Há 10 anos, primeiros casos do vírus no país eram identificados em Camaçari

  • Foto do(a) author(a) Carolina Cerqueira
  • Carolina Cerqueira

Publicado em 10 de maio de 2025 às 05:00

Jéssica, Joana e Eulina compartilham desafios e presentes da maternidade
Jéssica, Joana e Eulina compartilham desafios e presentes da maternidade Crédito: Arte/CORREIO

Em outubro de 2015, grávida de seis meses e em meio a um misto de incredulidade e pavor, Joana Passos se perguntava por que aquilo estava acontecendo na sua vida. Quase 10 anos depois, cursa psicologia com o sonho de atender mães como ela e fala com amor e orgulho da filha mais velha, Alice, de 13 anos, e da mais nova, Gabriela, de 9, que tem microcefalia causada pelo vírus da zika.
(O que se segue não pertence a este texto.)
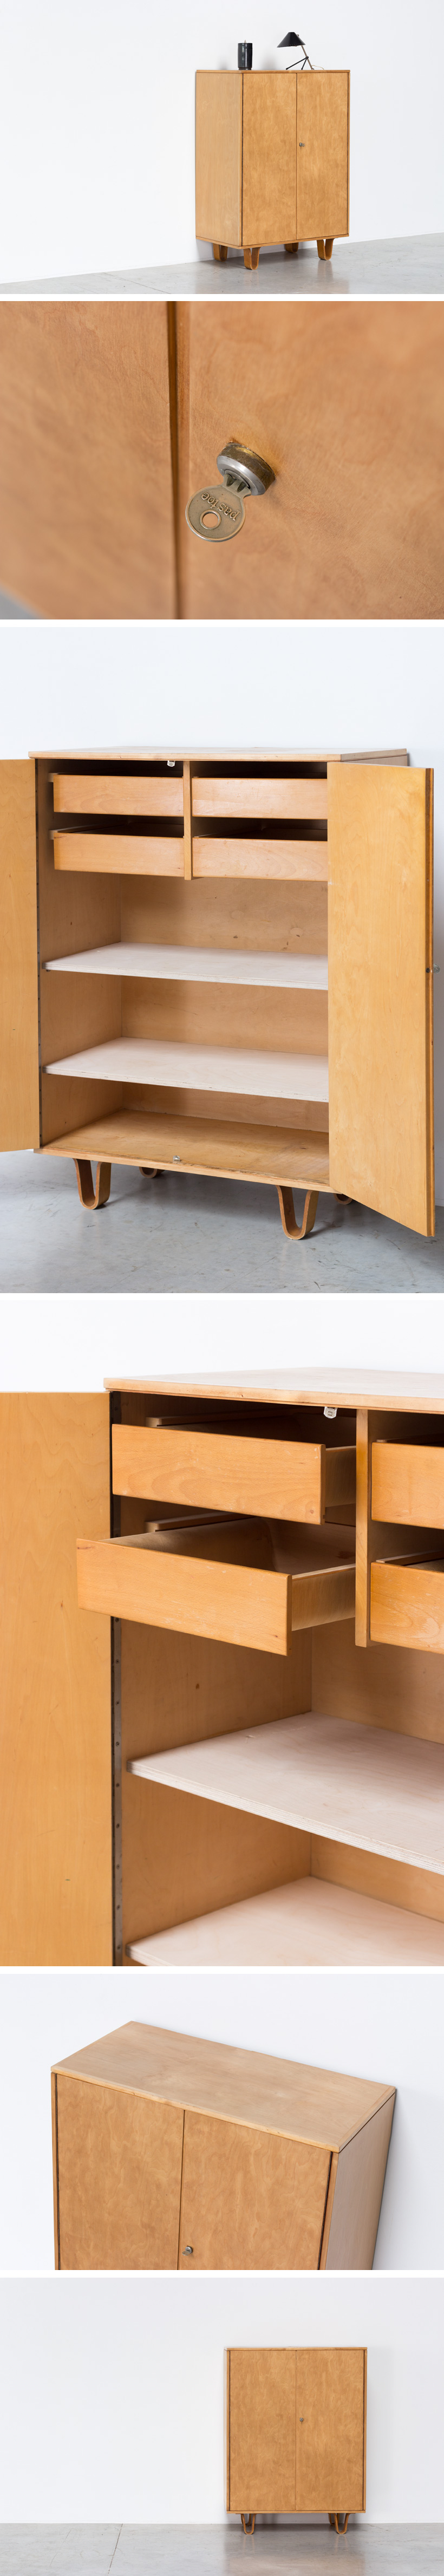 Cees Braakman cabinet cupboard Combex series Large

Joana tinha 34 anos quando engravidou de Gabriela, em abril de 2015, e pegou a doença. Foi o mesmo mês em que surgiram os primeiros casos de zika no país. O município pioneiro foi Camaçari e logo as primeiras amostras suspeitas foram levadas às mãos dos virologistas Gubio Soares e Silva Sardi, do Instituto de Ciências da Saúde da Universidade Federal da Bahia.

Depois de primeiros anos de incertezas, aprendizados e idas e vindas pelas mais diversas especialidades médicas com Gabriela, Joana pode respirar mais fundo. “Hoje me sinto bem mais fortalecida. E para cuidar do outro a gente precisa se cuidar primeiro. Fiz bastante terapia, contei com ajuda de uma rede de apoio e me uni a outras mães como eu. Mas essa aceitação é um processo contínuo”, diz ela.

A relação entre as duas filhas também passou por um processo de transformação. Vendo a vida da família mudar por causa da irmã e quase todo o cuidado sendo direcionado a Gabriela, Alice se sentia deixada de lado. “Vivia entre a raiva por ter uma irmã com microcefalia e a culpa por sentir essa raiva. Hoje, as duas têm uma relação de amor e cumplicidade e se comunicam da maneira delas”, conta a mãe.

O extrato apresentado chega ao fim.